## [Exercise]
Reproduce, exactly and in full, the lines from the one with "Unstoppable Power Ibizaposidonia" through the one with "Walkie Talkie - Website of the Day" in the data below; drop pictures.

## [Working data]
+--

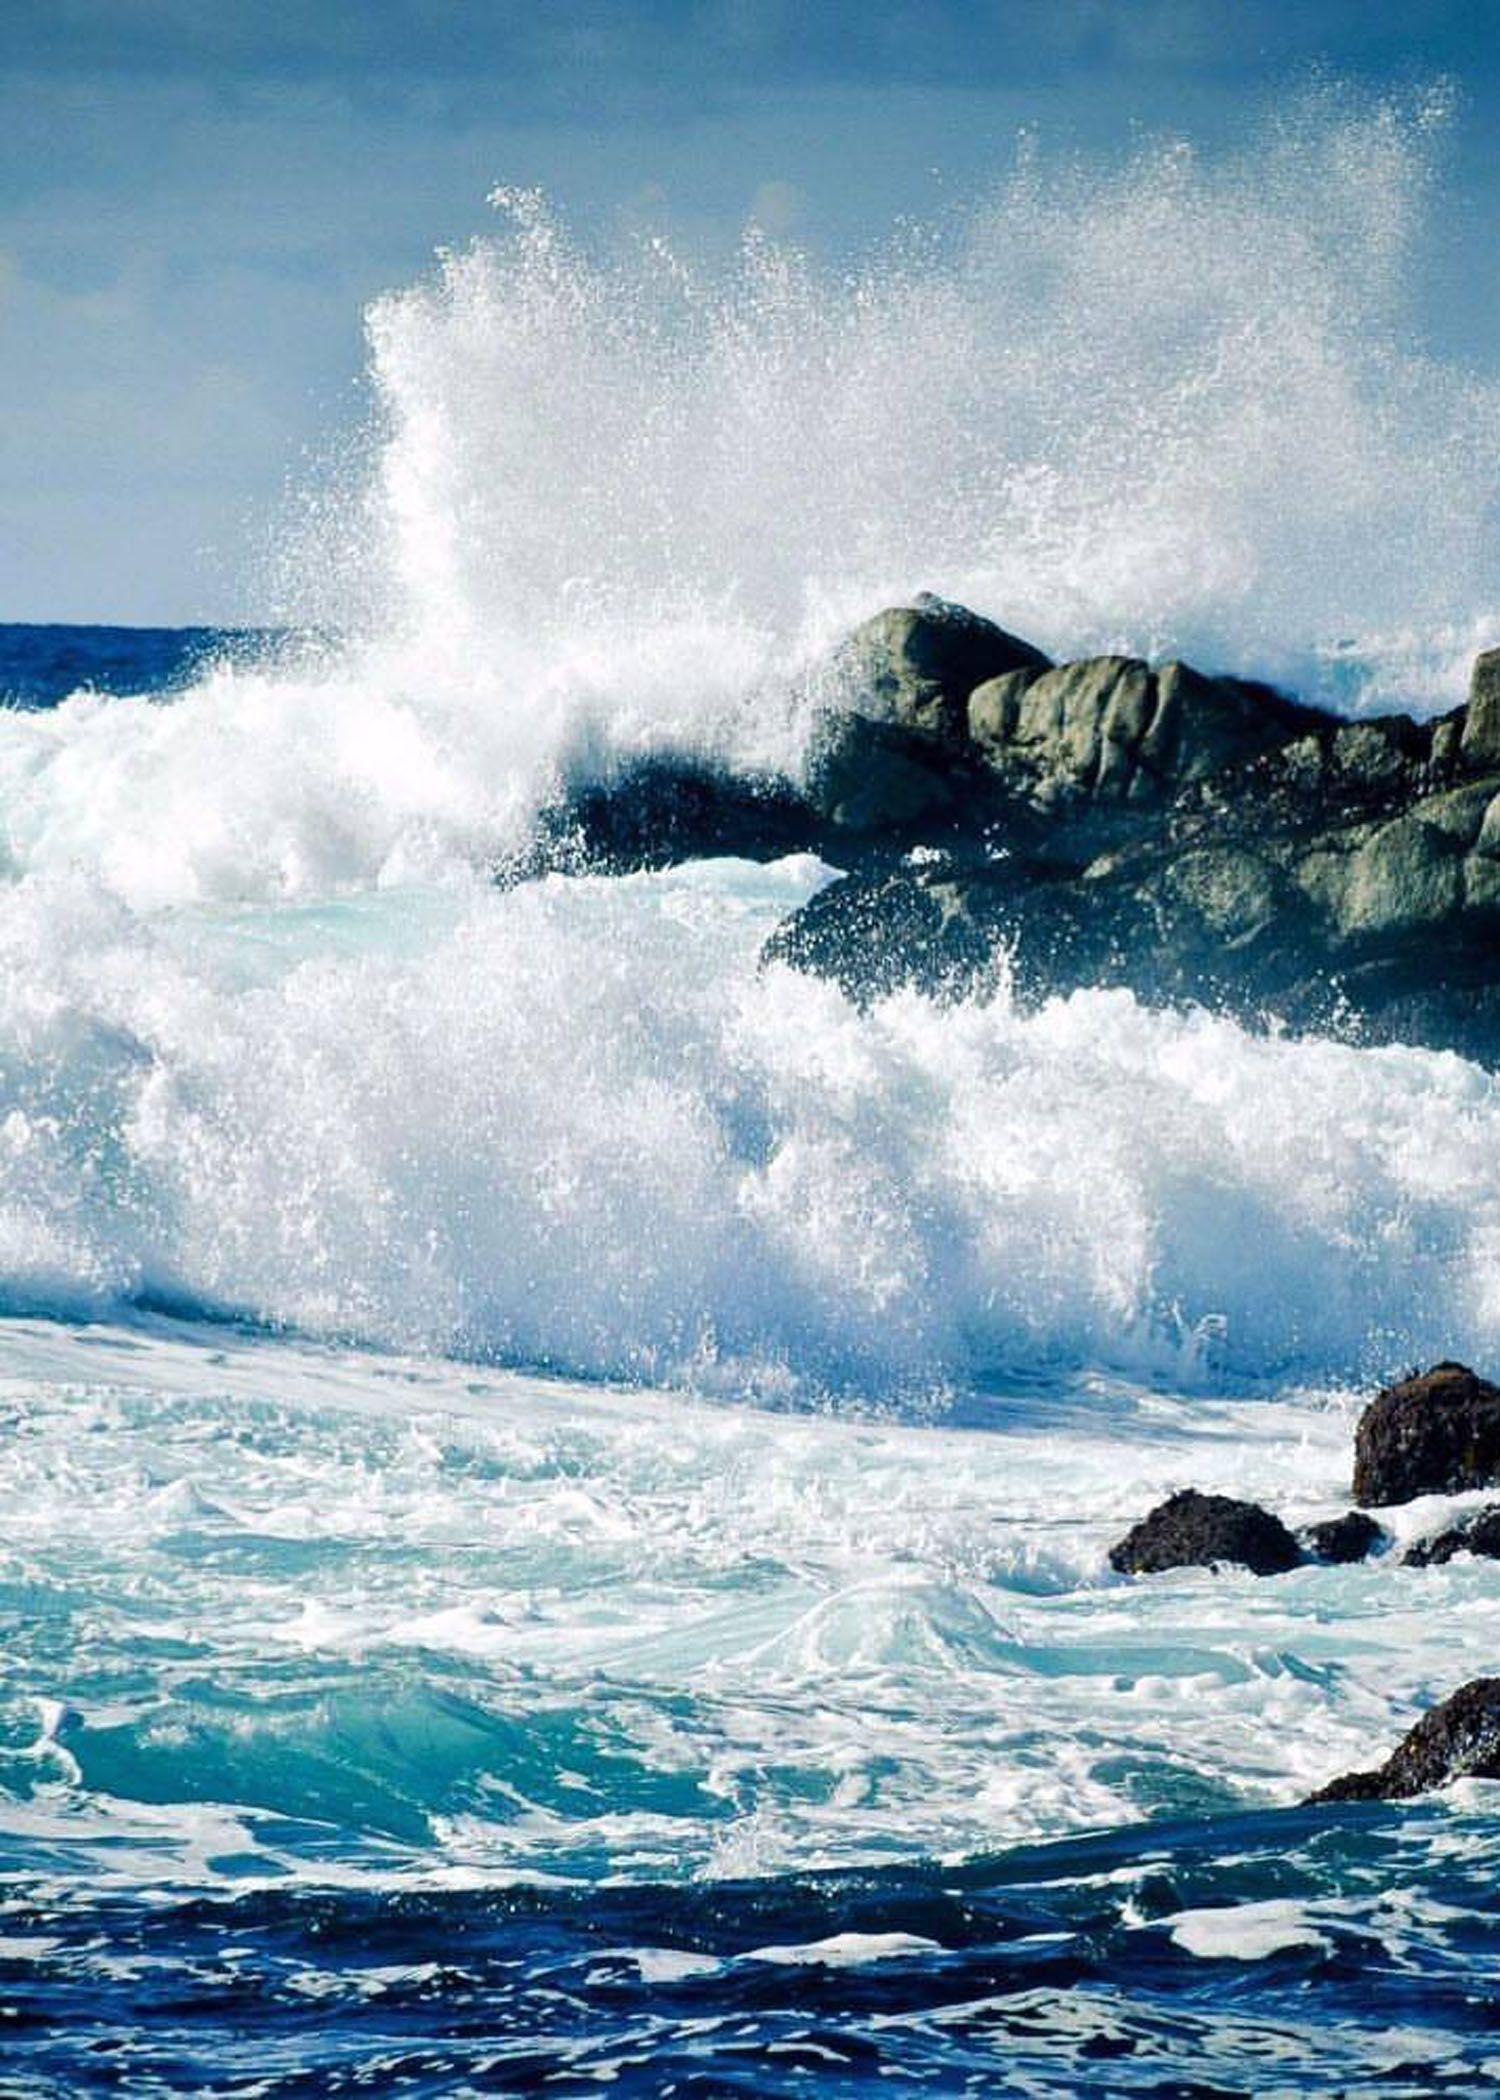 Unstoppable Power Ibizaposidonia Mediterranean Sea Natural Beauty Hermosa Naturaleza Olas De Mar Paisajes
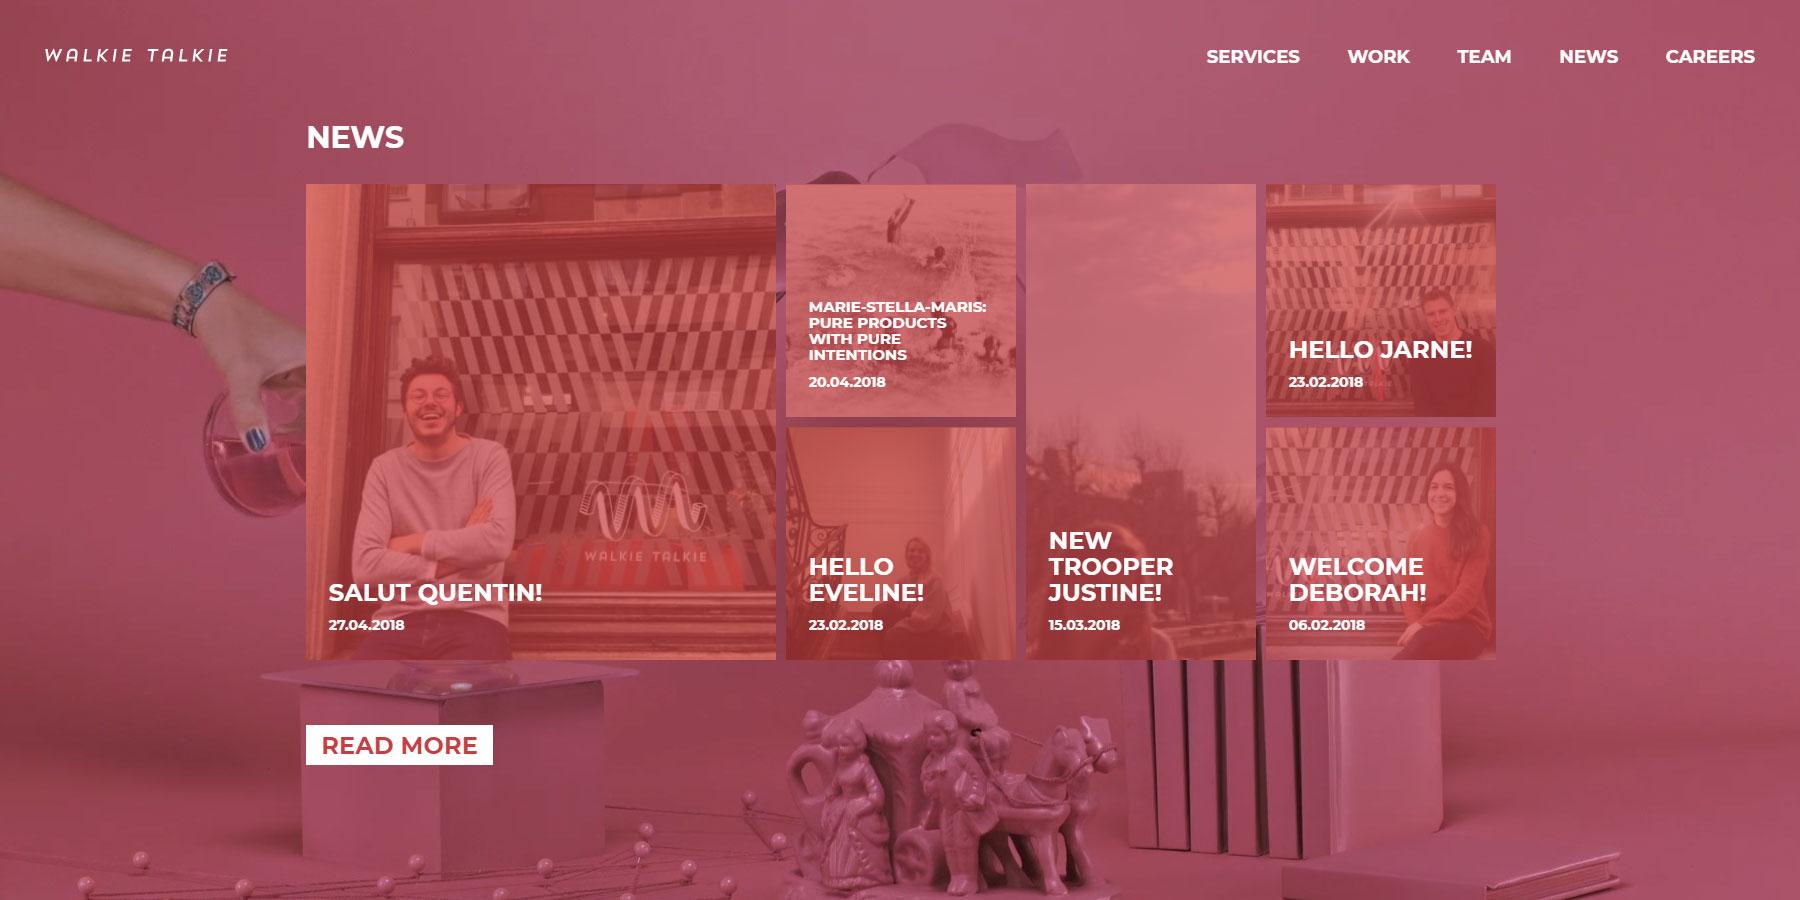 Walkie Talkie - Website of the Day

+--

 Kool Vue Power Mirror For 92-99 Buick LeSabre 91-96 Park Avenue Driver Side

+--

## [Answer box]
 Unstoppable Power Ibizaposidonia Mediterranean Sea Natural Beauty Hermosa Naturaleza Olas De Mar Paisajes
 Walkie Talkie - Website of the Day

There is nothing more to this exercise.